Look through the listing below for the line containing "Republic of iaki fantasy carriage sketch". Copy it and each line after it up to and including the line containing "Romantic see-through lace chiffon dress", exactly, leaving out pictures.

Extracted material:

◆ ◆ ◆

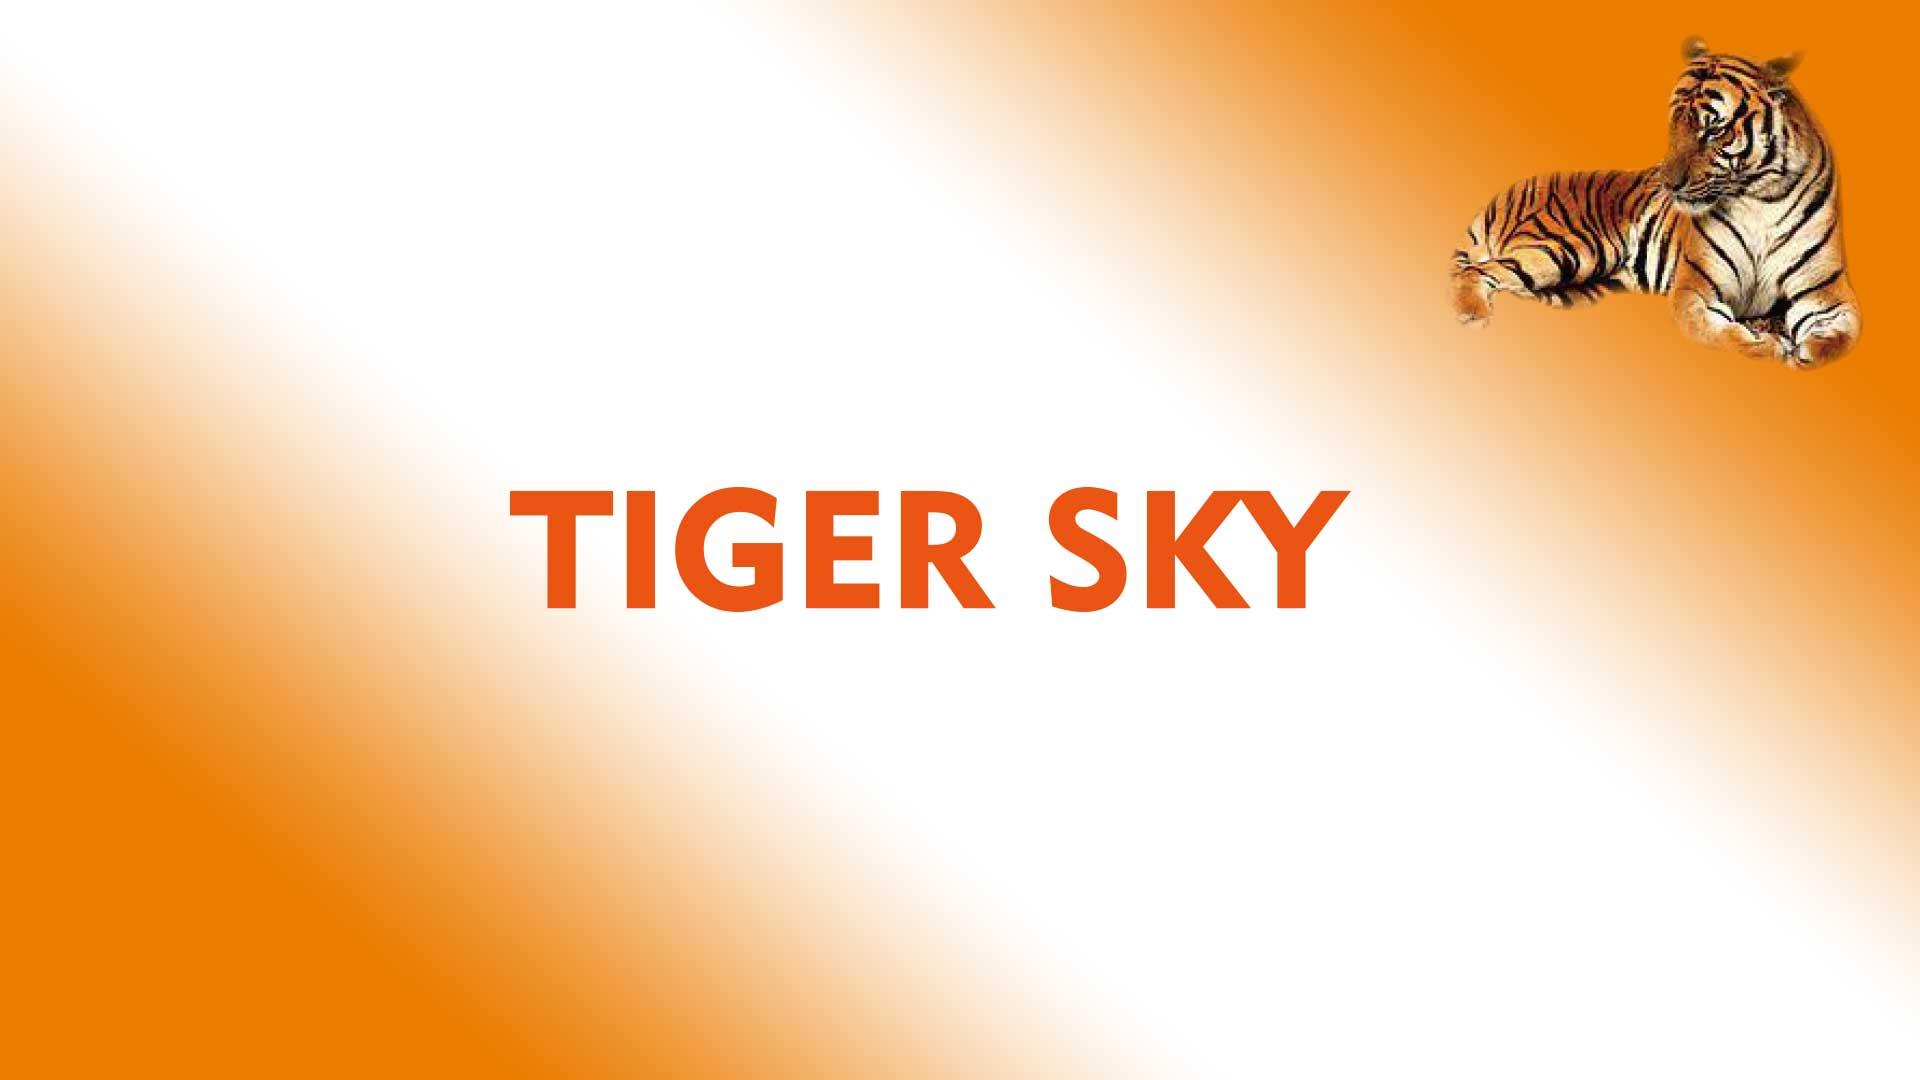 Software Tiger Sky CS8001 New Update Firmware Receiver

◆ ◆ ◆

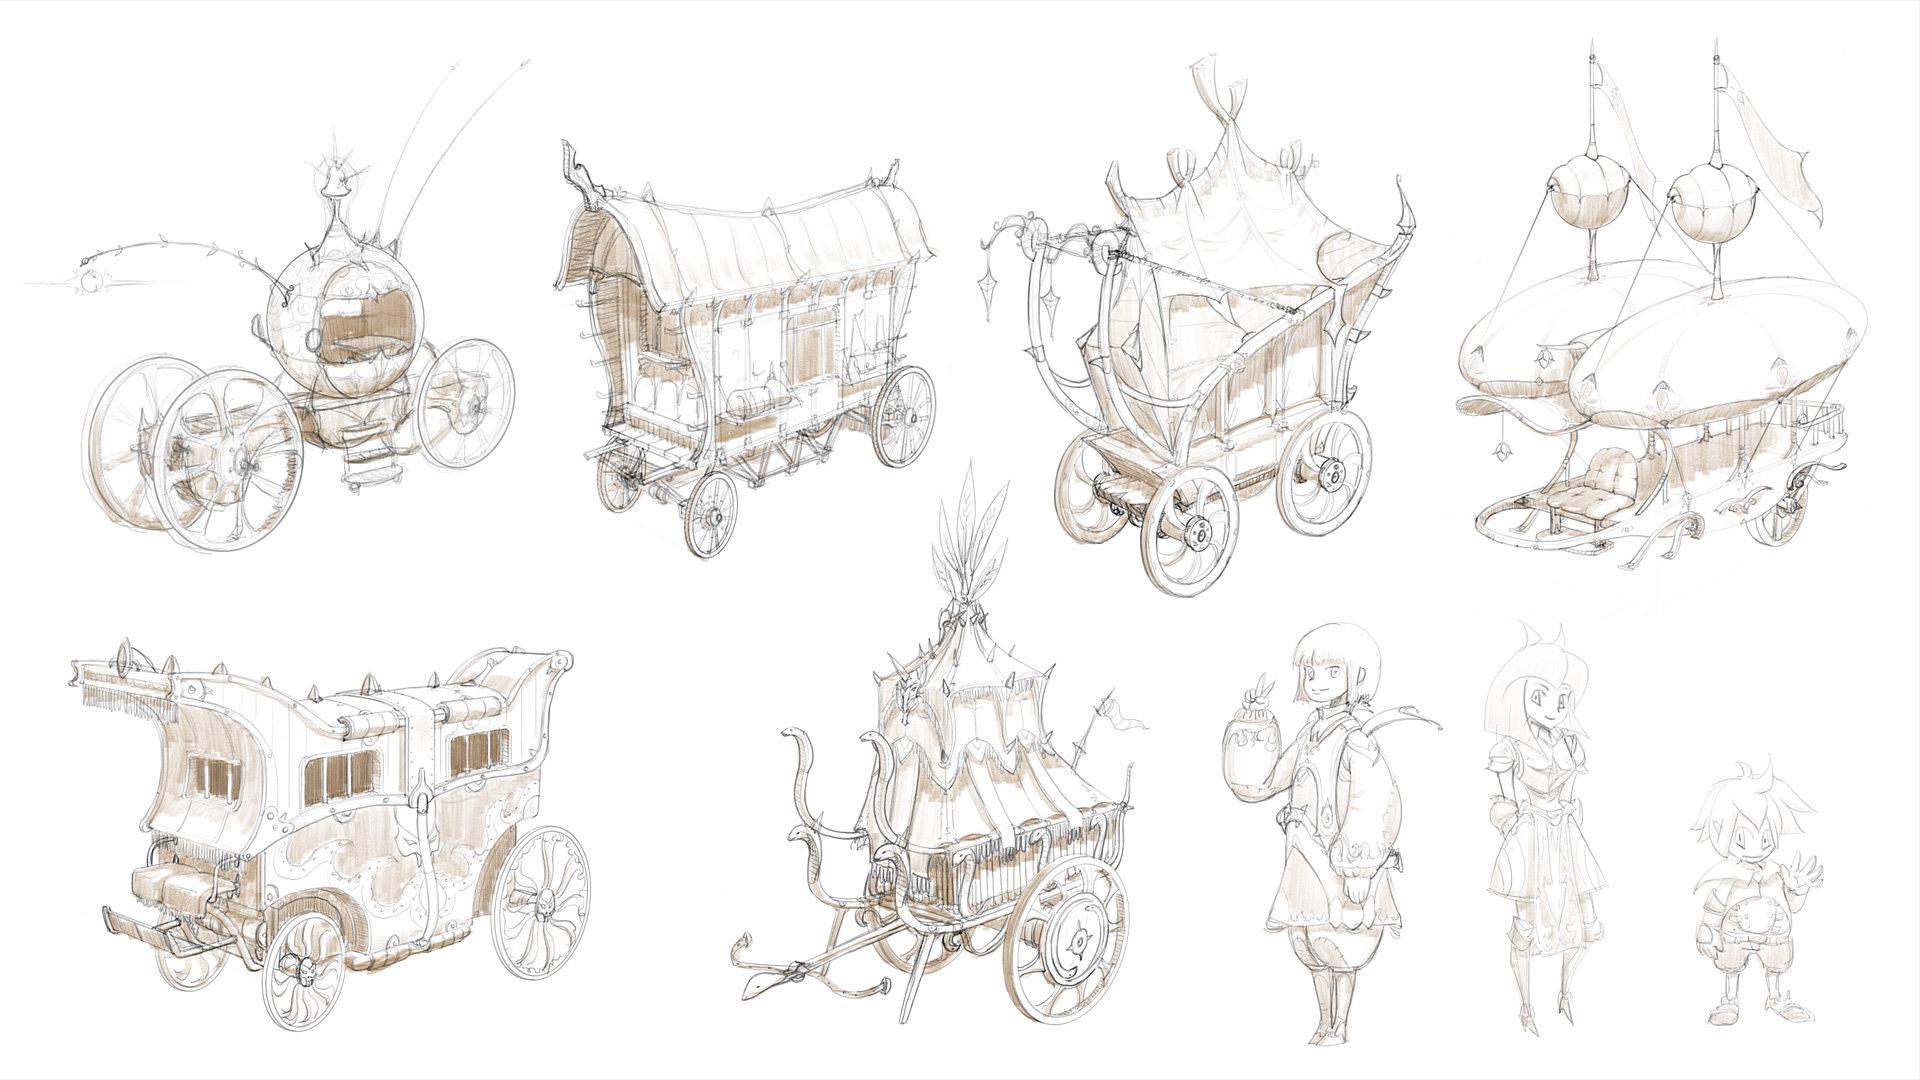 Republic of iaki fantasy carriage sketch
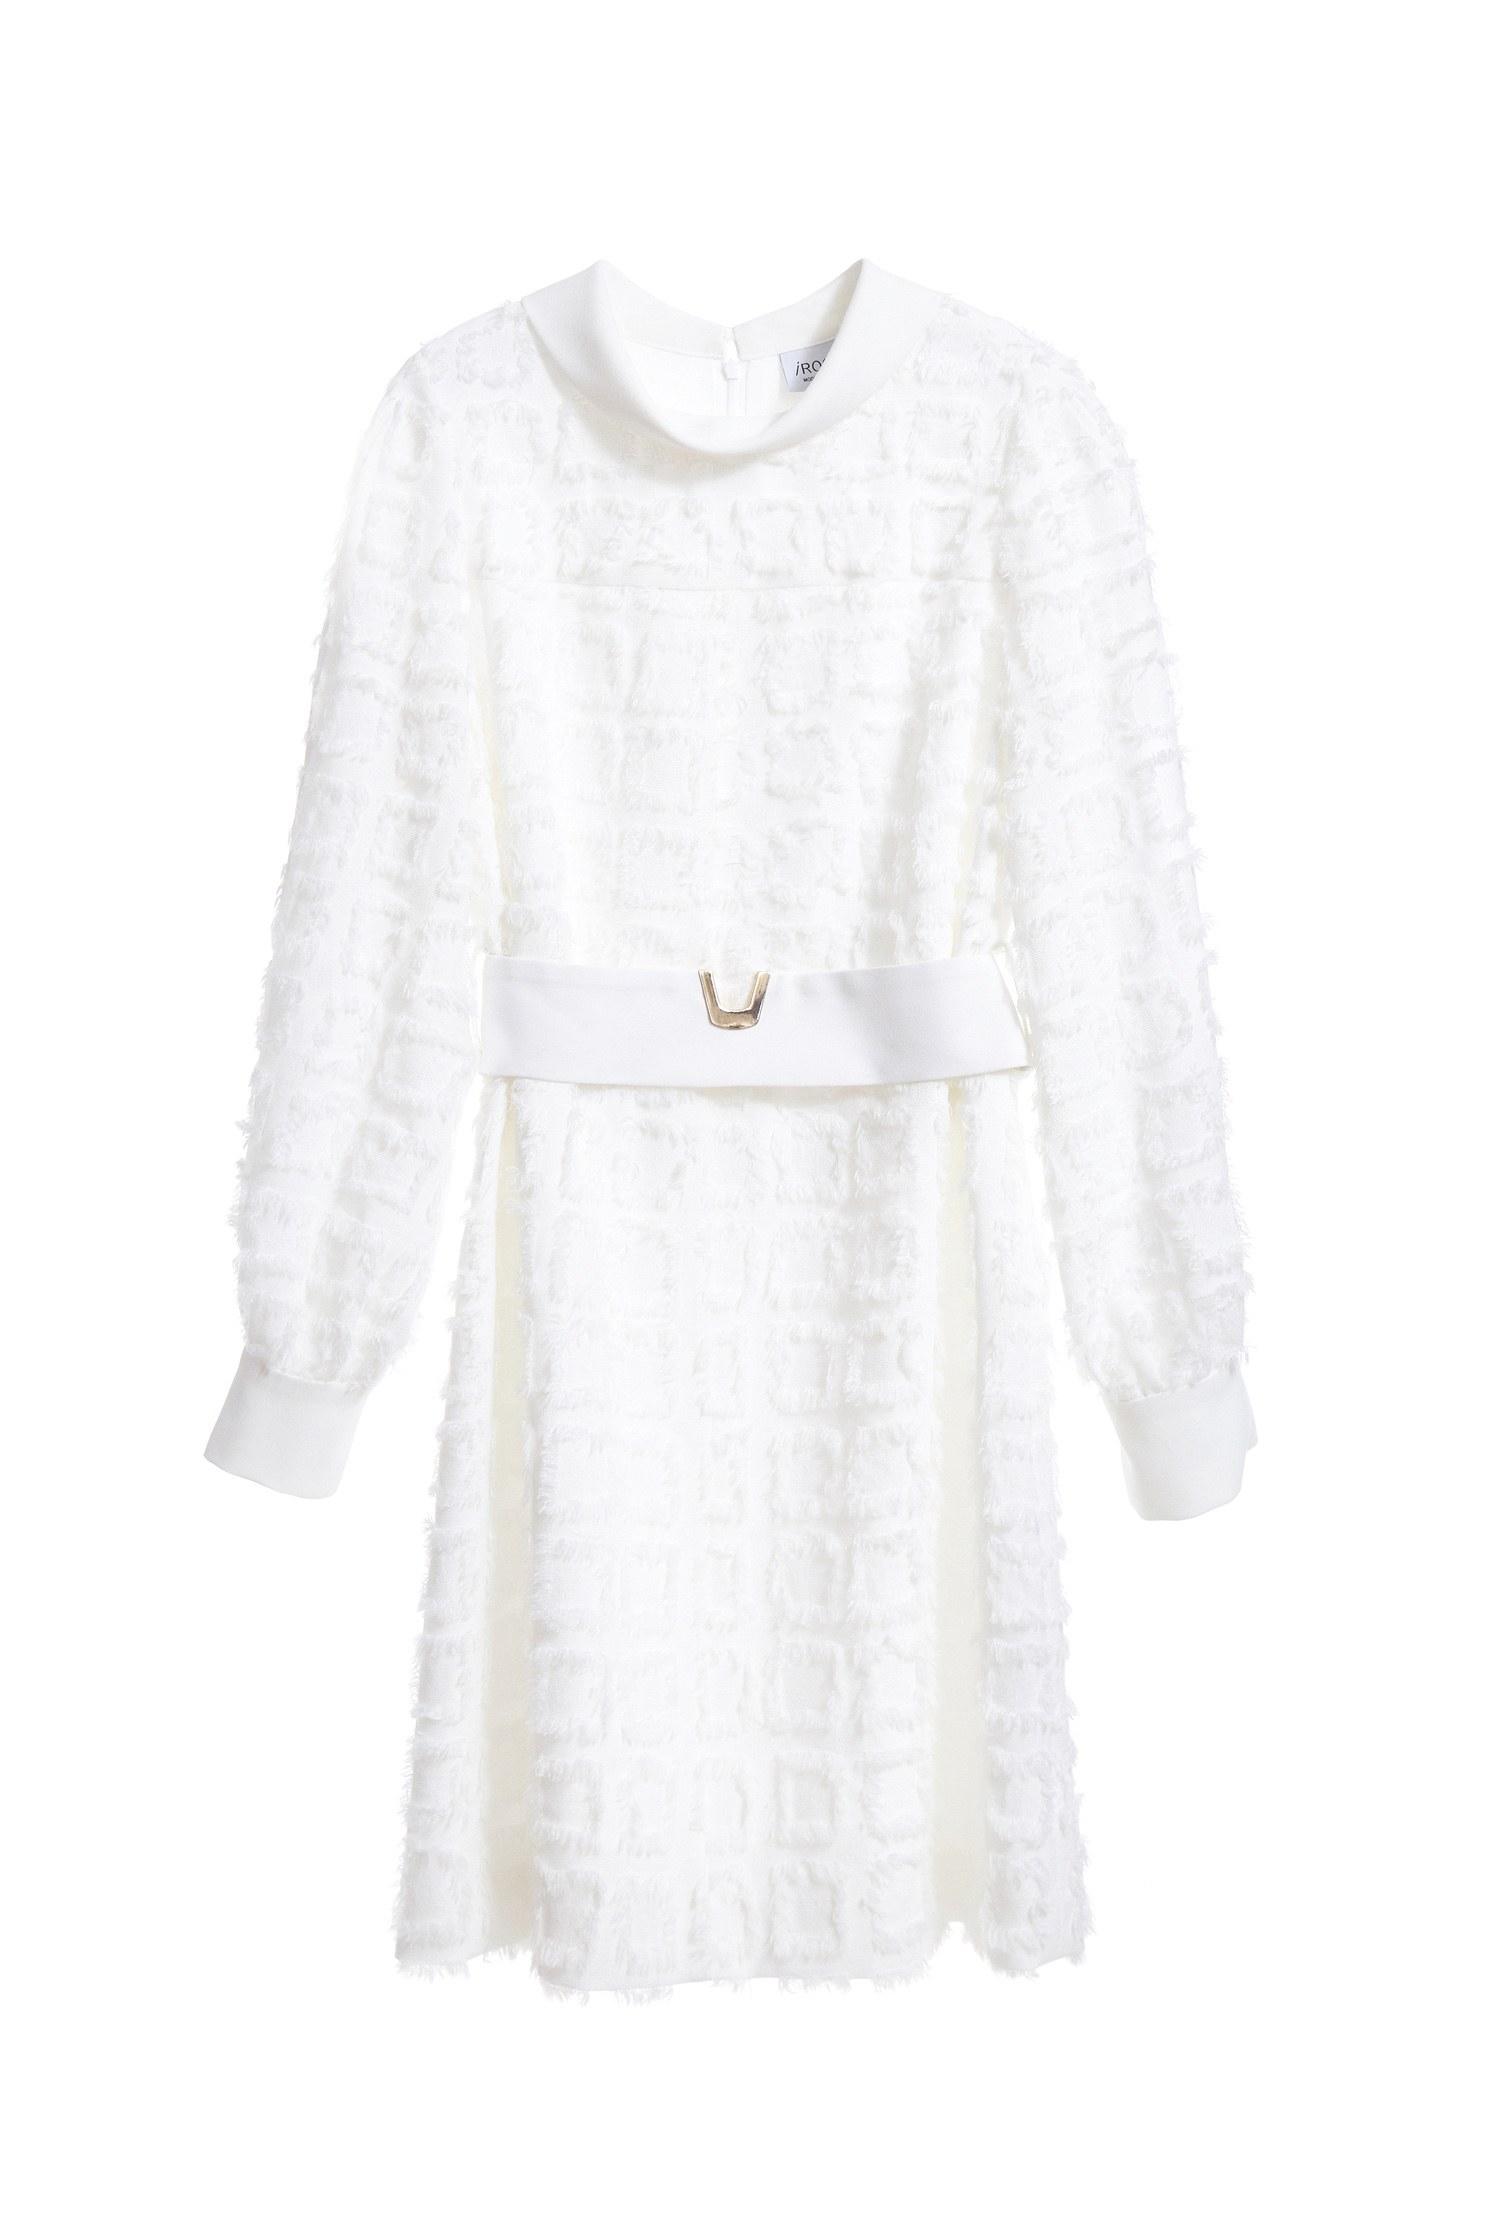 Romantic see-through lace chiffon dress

◆ ◆ ◆

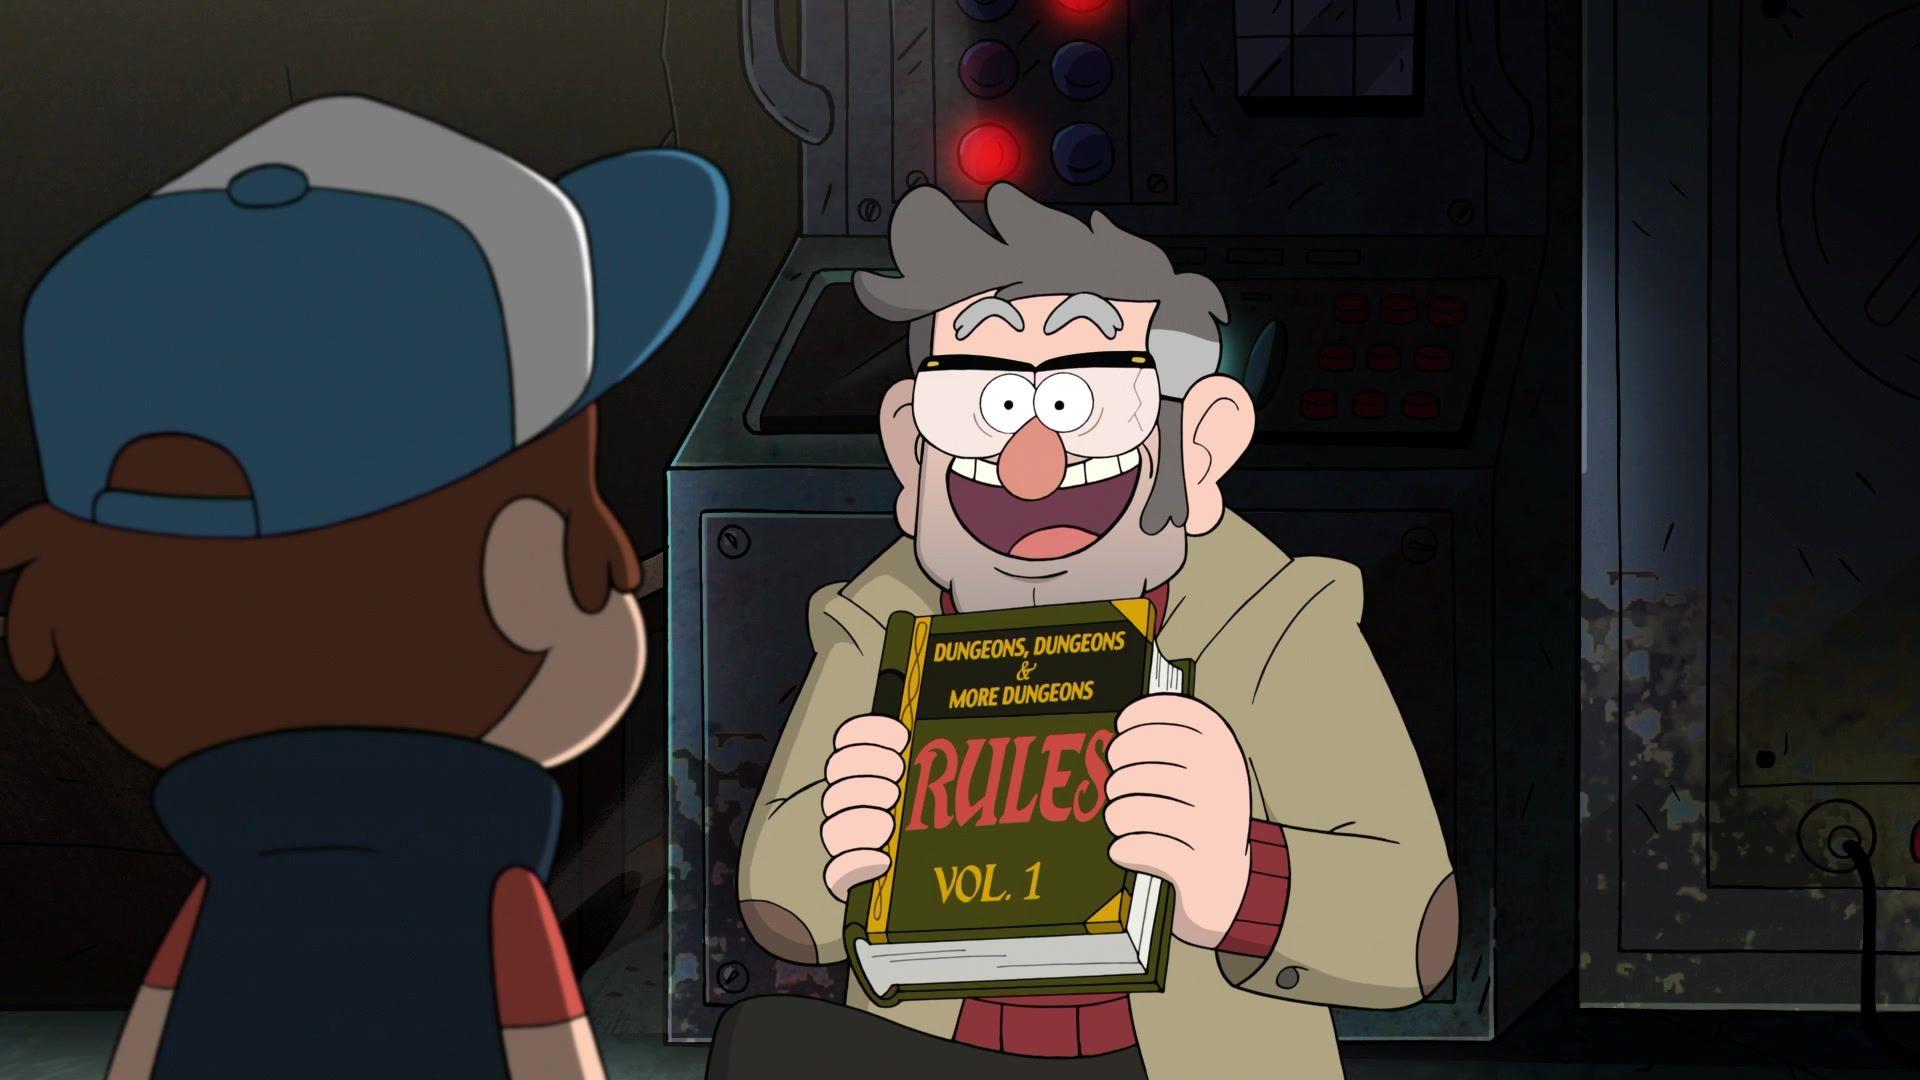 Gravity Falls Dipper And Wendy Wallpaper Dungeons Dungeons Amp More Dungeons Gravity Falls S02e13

◆ ◆ ◆

Exercise solution:
 Republic of iaki fantasy carriage sketch
 Romantic see-through lace chiffon dress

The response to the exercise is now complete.